Thursday, April 19, 2007

decorating the landscape


It was a perfect-picture park. There was a setting-sun sky to the west, and the east sky was filled with clouds, heavy grey but with with deep-blues and yellows highlighted from the sun. The sunbaked orange arbutus trees on hill tops accented this background sky. With my one boy haphazardly running and kicking up sand and the other fearlessly climbing every metal play structure, it was Hallmark defined.

Ah...but the trash. My heart bleeds when I see these human droppings. It's hard to turn off this flowing tap.

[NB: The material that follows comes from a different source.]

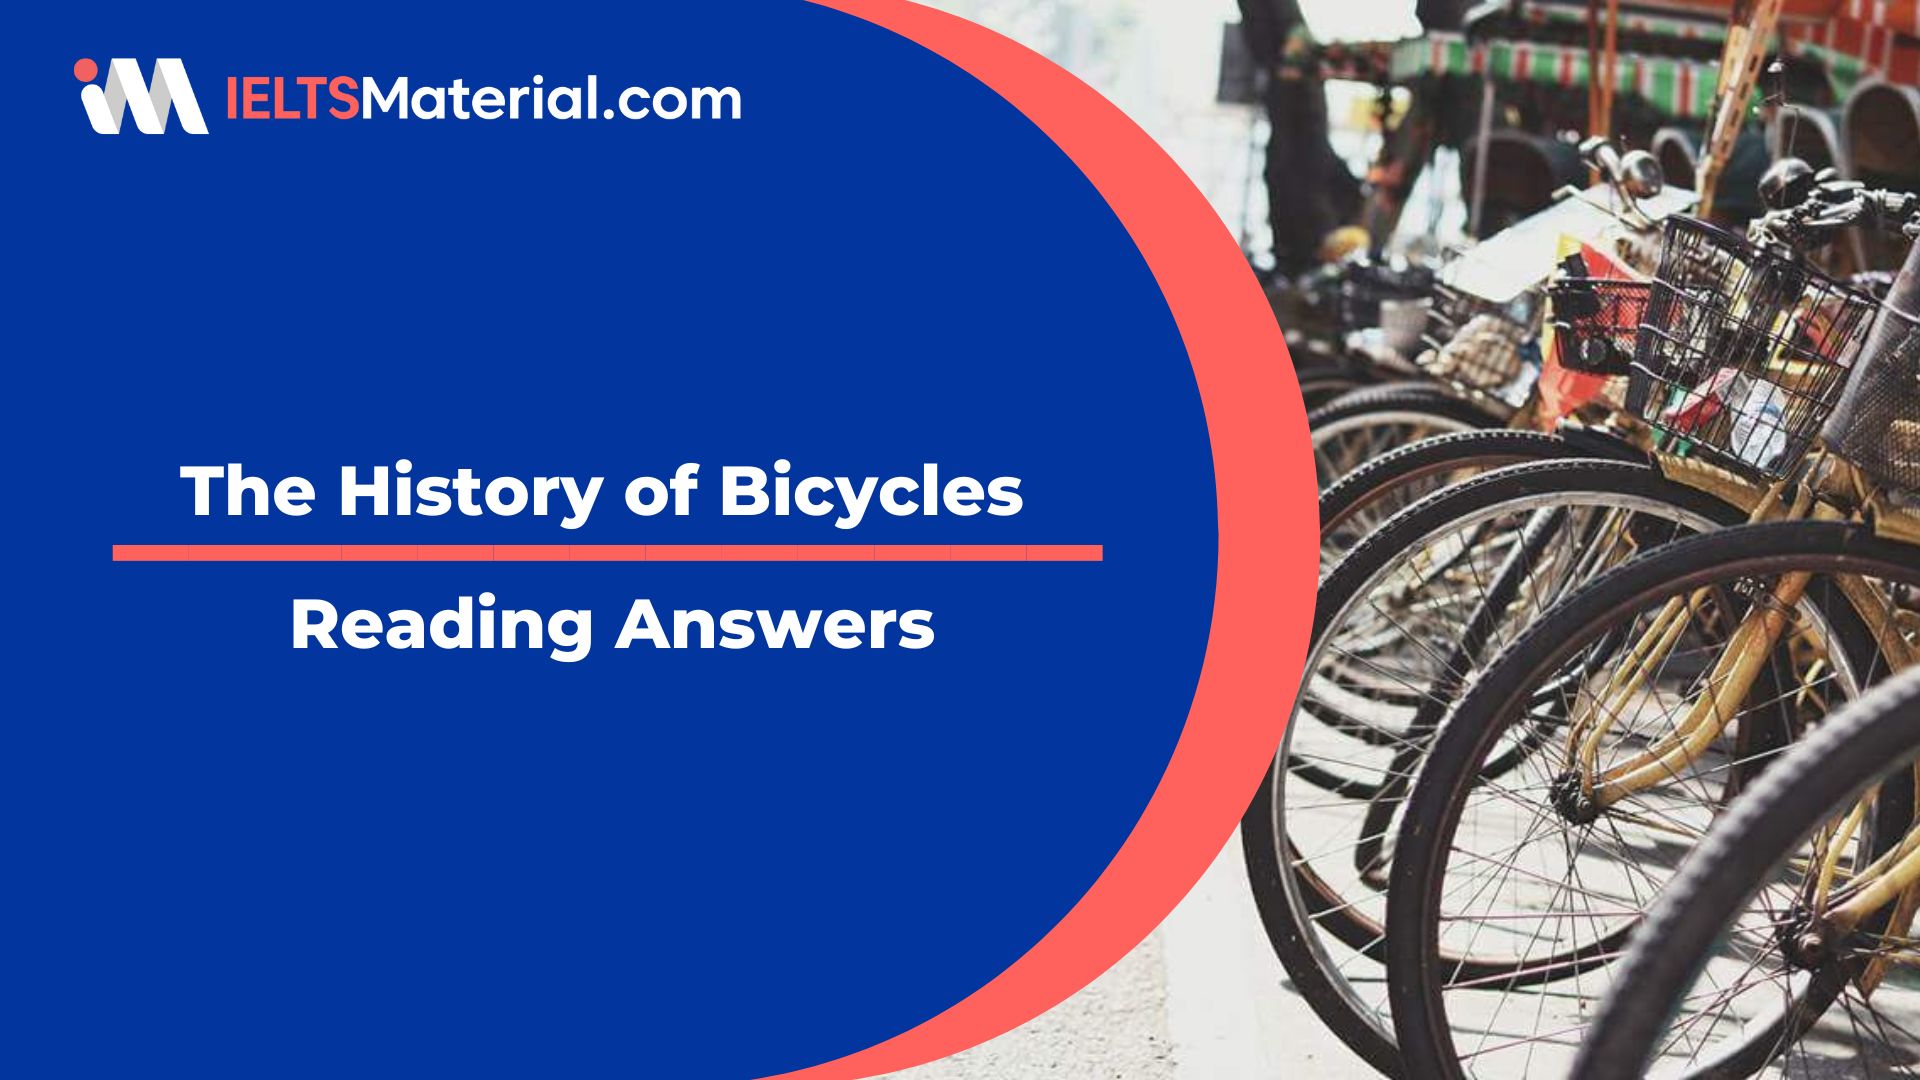 The History of Bicycles Reading Answers

McDonalds and their fellow drive-through kinfolk indirectly serve billions of eyes as their wrappings are overly and routinely emptied from cars onto roadside, parkside, and everyside beauty. My anger is strengthened everytime these roadside tracings pollute my eyes. I have inentionally looked around for the scraps so that a strong case can be made in my mind and heart against the offense and offenders. This energy expenditure has heated up, boiled in my pulsing veins.

Yet, I'm thankful I'm beginning to find a different way.

It has helped me to remember my Dad. Wherever we were, he picked up trash when he saw it. I remember Dad taking walks during sailing breaks and always came back with a handful of cans and papers. He never gave verbal expression, but quietly bent down and picked up the offending item. I don't think he was even angered by it. He just saw it as part of his job in life to keep things clean, and he never seemed to begrudge folks for creating scattered messes.

As a kid, it embarrassed me to no end to have Dad walking by my side with a handful of scraps as he scanned for the next available trash can. Yet, he taught me in what he did, and those memories are becoming a part of me now. Lately, I speak less and act more.

I have been realizing that my silent criticism of unkown individuals is the same as the original offense. I still scan the grasses for the leftovers. Yet, I don't look to reinforce a negative idea I have of fastfood or of folks who consume it or of folks who deposit its remants. I look for an opportunity. It's an opportunity to serve, make beautiful and restore.

It's really an act of re-creation. A re-creation of Dad, the landscape, and me.